With pandemic restrictions coming to an end on May 11, there is a concern that there it can create an immigration flow and chaos at the border.
Title 42 allowed the U.S. Border Patrol and U.S. Customs and Border Protection to prohibit the entry of persons who potentially pose a health risk by being subject to previously-announced travel restrictions or because by unlawfully entering the country to bypass health-screening measures. Its use was implemented under the Trump administration and has continued under the Biden administration to prohibit asylum seekers from lawfully petitioning for asylum in the United States.
In order the mitigate the effects of the end of this policy, the Biden Administration plans to strengthen the number of troops stationed at the U.S.-Mexico border. Senators Thom Tillis and Kyrsten Sinema in May 2023 introduced a bi-partisan bill to extend Title 42.

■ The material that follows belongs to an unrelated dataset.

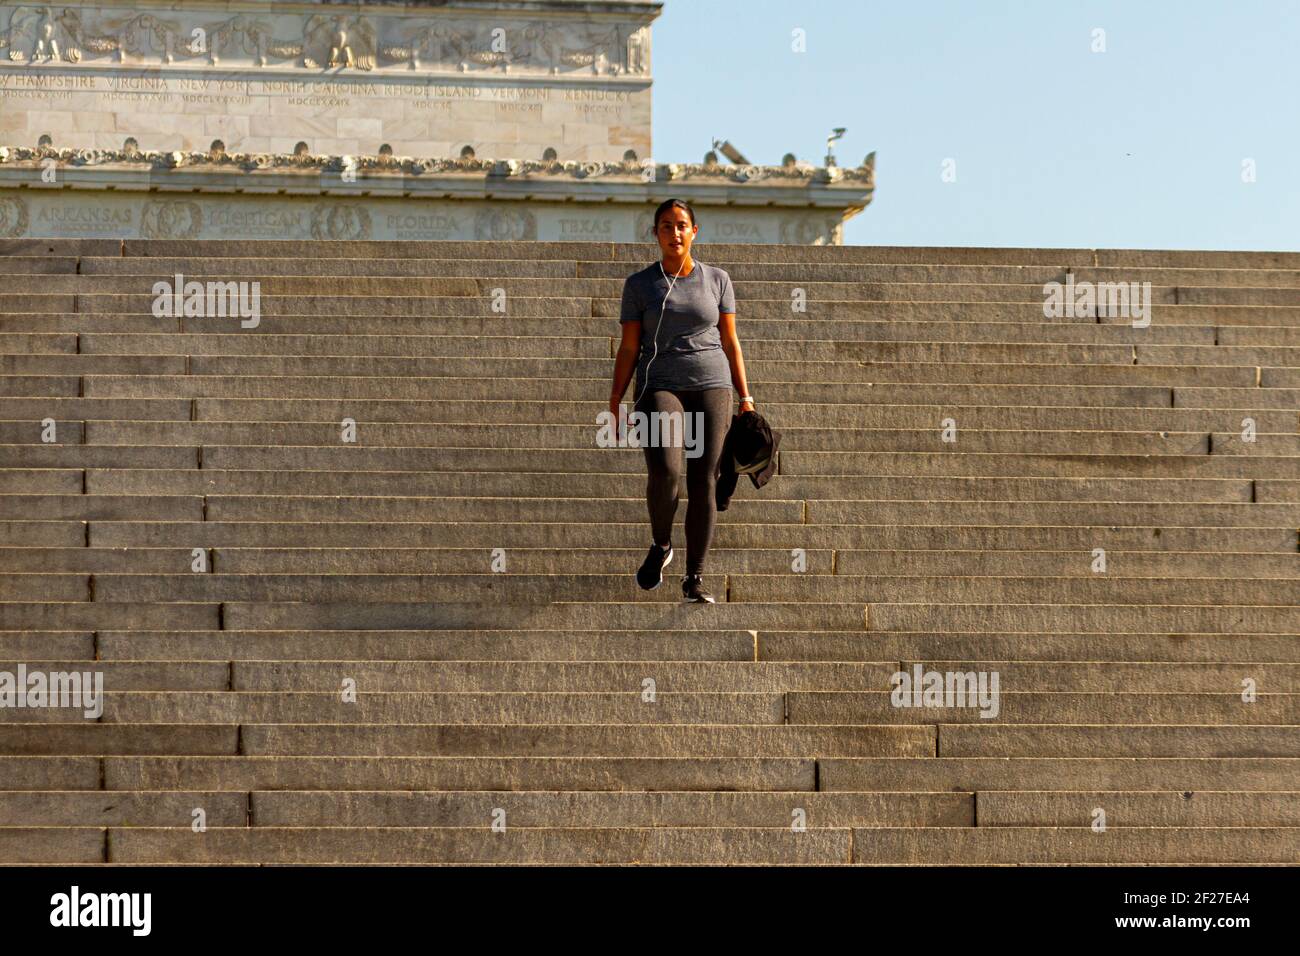 Washington DC, USA 11-06-2020: Ein junges hispanic-Mädchen trainiert auf der steilen Treppe nahe dem Lincoln Memorial in DC. Sie trägt Strumpfhosen, Sporttop und Stockfoto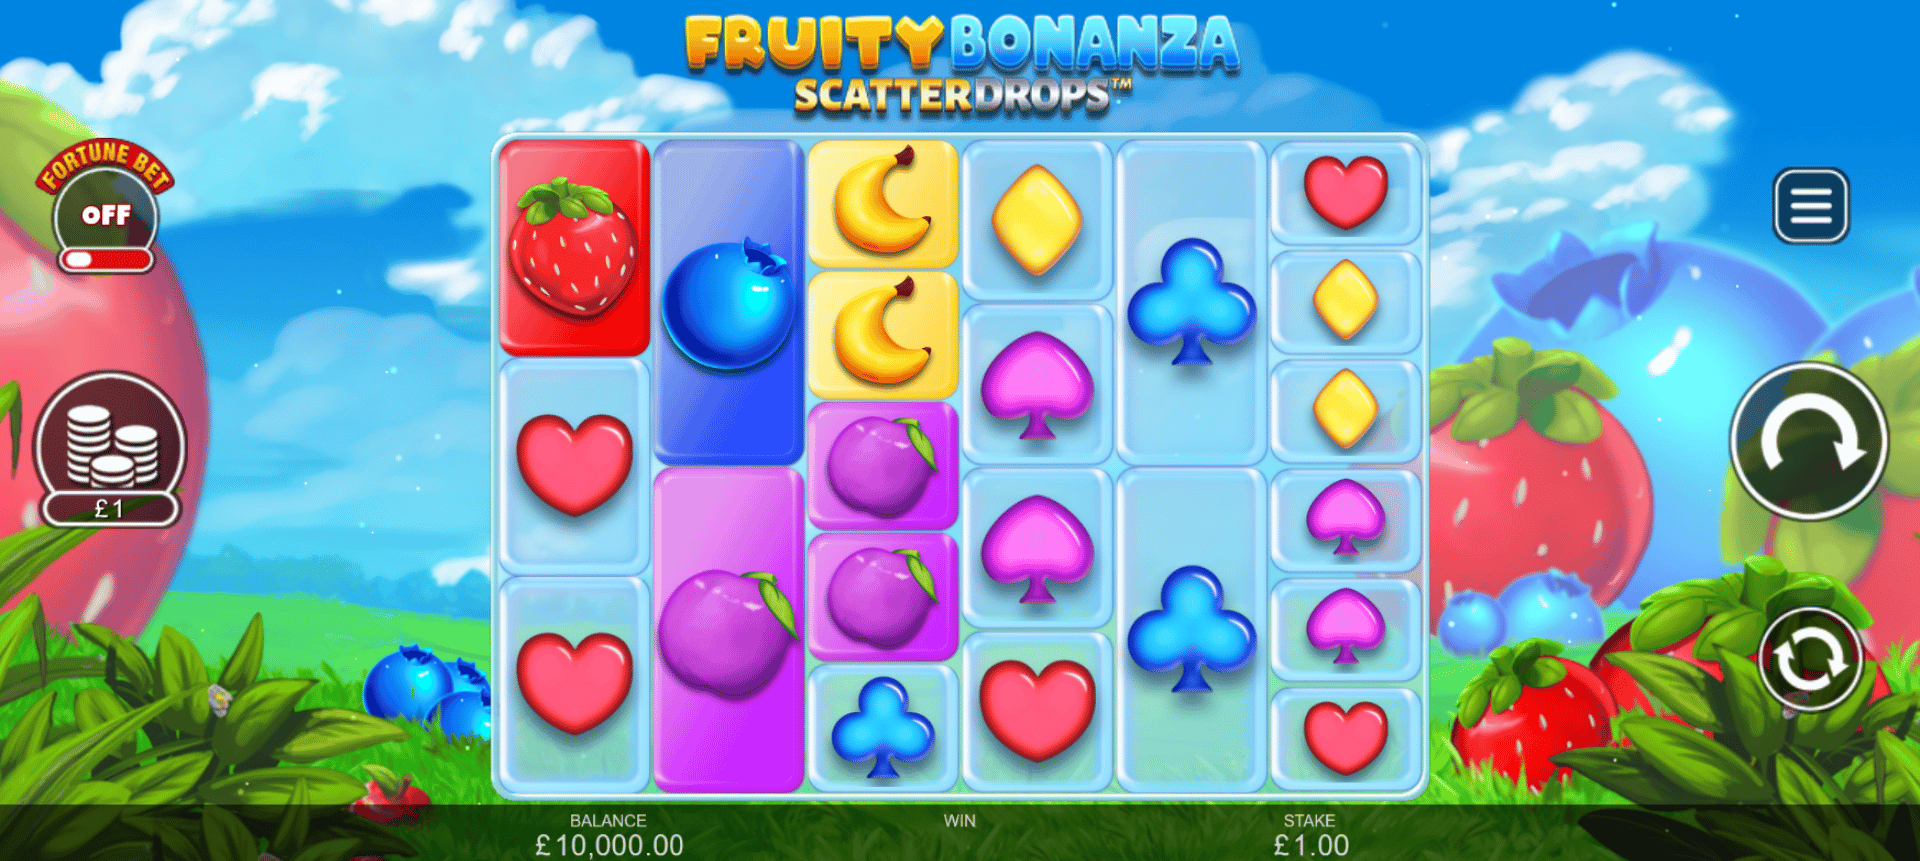 schermata di gioco slot online fruity bonanza scatter drops

In March 2020, the Center for Disease Control under the Trump administration issued a public health order allowing for the rapid expulsion of unauthorized border crossers and asylum seekers citing COVID-19 concerns. As it is considered an “expulsion” rather than a “deportation”, the migrants are not afforded the right to make a case to stay in the U.S. before an immigration judge. Most migrants subject to Title 42 measures are returned to Mexico within hours. Trump advisor Stephen Miller had a role in shaping the policy and has since defended it in interviews.
In November 2020, a federal court ordered a halt to the practice regarding unaccompanied minor children; on January 29, 2021, the stay was lifted by the DC Circuit Court of Appeals allowing minors to be expelled pending its review of the case. In February 2021, Mexico stopped accepting families with children under the program.
Physicians for Human Rights notes that the policy has been applied unfairly against migrants and asylees and that its stated purpose of containing the spread of COVID-19 is dubious as the U.S. continues to allow millions of people to cross the US–Mexico border weekly. In early February 2021, the Mexican government announced that it would stop accepting non-Mexican family units with minor children returned to Mexico under Title 42.
In June 2021, it was reported that the Biden Administration may be considering rescinding Title 42. In September 2021, NPR reported that the Biden administration has defended Title 42 expulsion in court under the pretext of slowing the spread of COVID-19.
In December 2021, Anne Schuchat, the second-highest official at the Centers for Disease Control, testified that the expulsions of migrants under Title 42 lacked a sufficient public health rationale.
In March 2022, the DC Circuit Court of Appeals ruled that the Biden admin can continue to swiftly remove migrant families under Title 42, but “only to places where they will not be persecuted or tortured.”
On April 1, 2022, the CDC officially announced it would rescind Title 42. However, to allow for the implementation of a vaccine program to get migrants vaccinated at the border, the policy was not scheduled to officially end until May 23, 2022. On May 20, a federal judge for the United States District Court for the Western District of Louisiana, Robert R. Summerhays, issued a ruling blocking the CDC from ending Title 42 expulsion.
In April 2022, the Biden Administration introduced a streamlined program for allowing an unlimited number of Ukrainian nationals who pass various checks and are sponsored by various organizations under the “Uniting for Ukraine” program to be excepted from Title 42 and get humanitarian parole and work permits. In October 2022, it introduced a similar program for Venezuelan nationals, who must arrive by air. The number of Venezuelans was capped at 24,000, and those arriving by crossing into Mexico or Panama illegally would start to be expelled under Title 42.
In October 2022, the Biden administration invoked Title 42 to expel Venezuelan migrants to Mexico. Amnesty International and Human Rights Watch criticized the decision.
On November 15, 2022, Senior Judge of the United States District Court for the District of Columbia, Emmet G. Sullivan, ruled that expulsions under Title 42 were a violation of the Administrative Procedure Act, noting that the Title was an “arbitrary and capricious” violation of the Act.
The ruling required the United States government to process all asylum seekers under immigrant law as previous to Title 42’s implementation, and Sullivan specifically called out the CDC for intentionally ignoring the negative effects of implementing Title 42 and not considering alternative approaches to expulsion such as vaccination, outdoor processing, and allowing asylum seekers to quarantine with U.S. relatives. Sullivan opined that the policy had no rational basis as COVID-19 was already widespread throughout the U.S. when the program was initiated.
The ruling was celebrated by the ACLU, a plaintiff in the case.